Lighthouse automatic run audit and report result for a web site

Lighthouse is a SEO, performance audit tool by Google Chrome. It provide many report about performance, SEO with suggestion to improve.
This guide I will try to write some bash script and/or NodeJS module to automated the process.
This guide include many tools:
ScreemingFrog (SEO tool, this require fee or you can cr*k :), search free key )
Lighthouse  and here https://developers.google.com/web/tools/lighthouse/
Lighthouse viewer https://googlechrome.github.io/lighthouse/viewer2x/
Git-Bash (some unix tool on fucking Windows)
Python3 (if you use Windows then find yourself how to install it).
NodeJS: Lighthouse and many tool is based on (or install required NodeJS)

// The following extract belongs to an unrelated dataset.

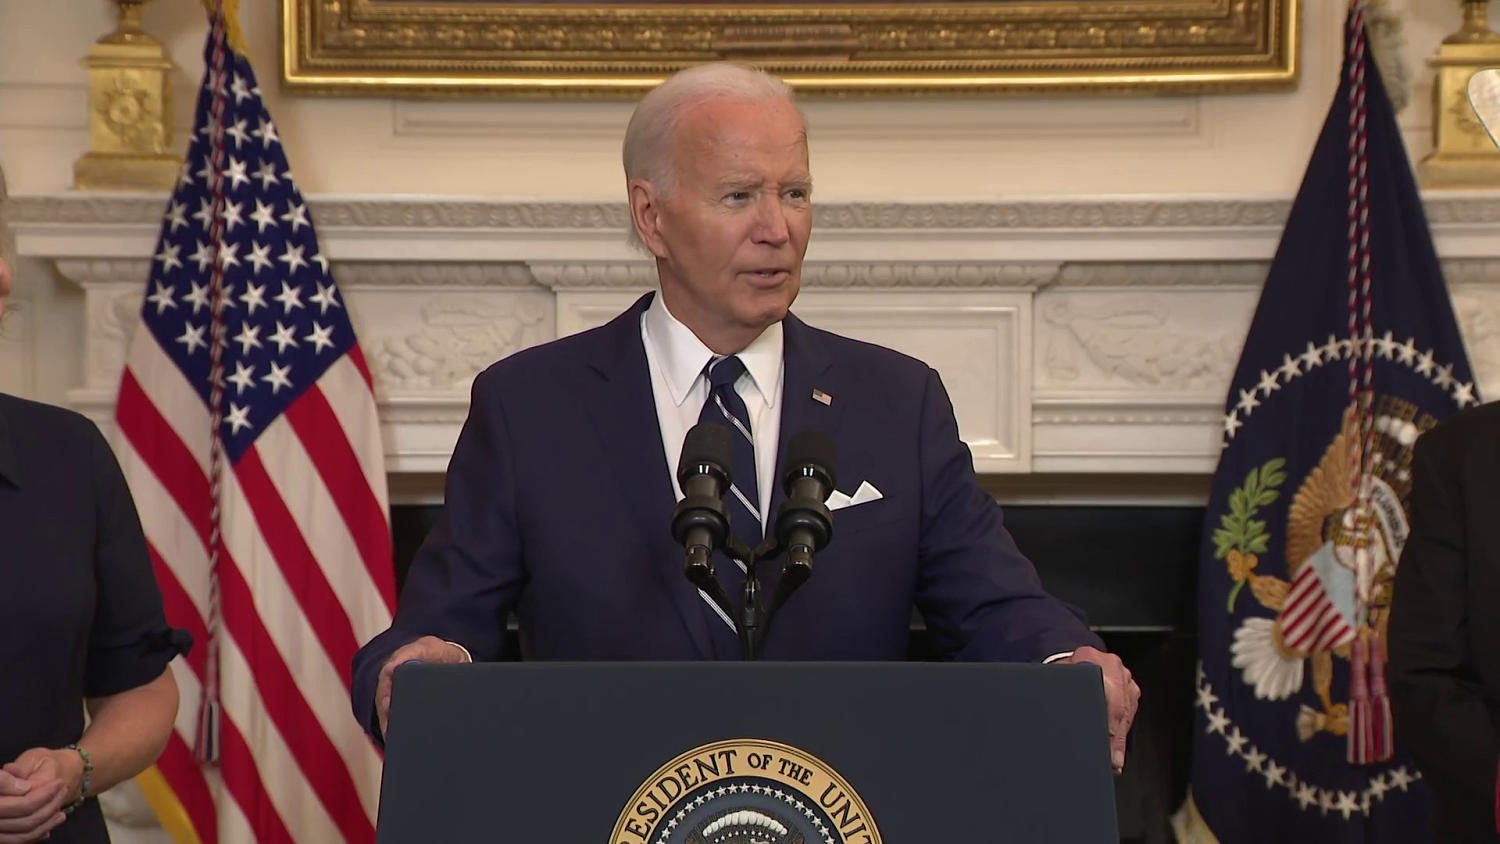 'They're free': Biden discusses release of Evan Gershkovich and Paul Whelan

Script to get only performance Optimized images report from a URL:

#!/bin/bash
FILES=./LH_json/*
for f in $FILES
do
  report_length=$(cat $f |  python3 -c "import sys, json; print(json.load(sys.stdin)['audits']['uses-optimized-images'])" | wc -m);
  report="$(cat $f | python3 -c  | fold -w 12 | head -n 1)"
  
  # Normal page without any image need optimize have report length 720 chars.
  # So we only care ab site page has report length longer than that. These report contain image optimize suggest.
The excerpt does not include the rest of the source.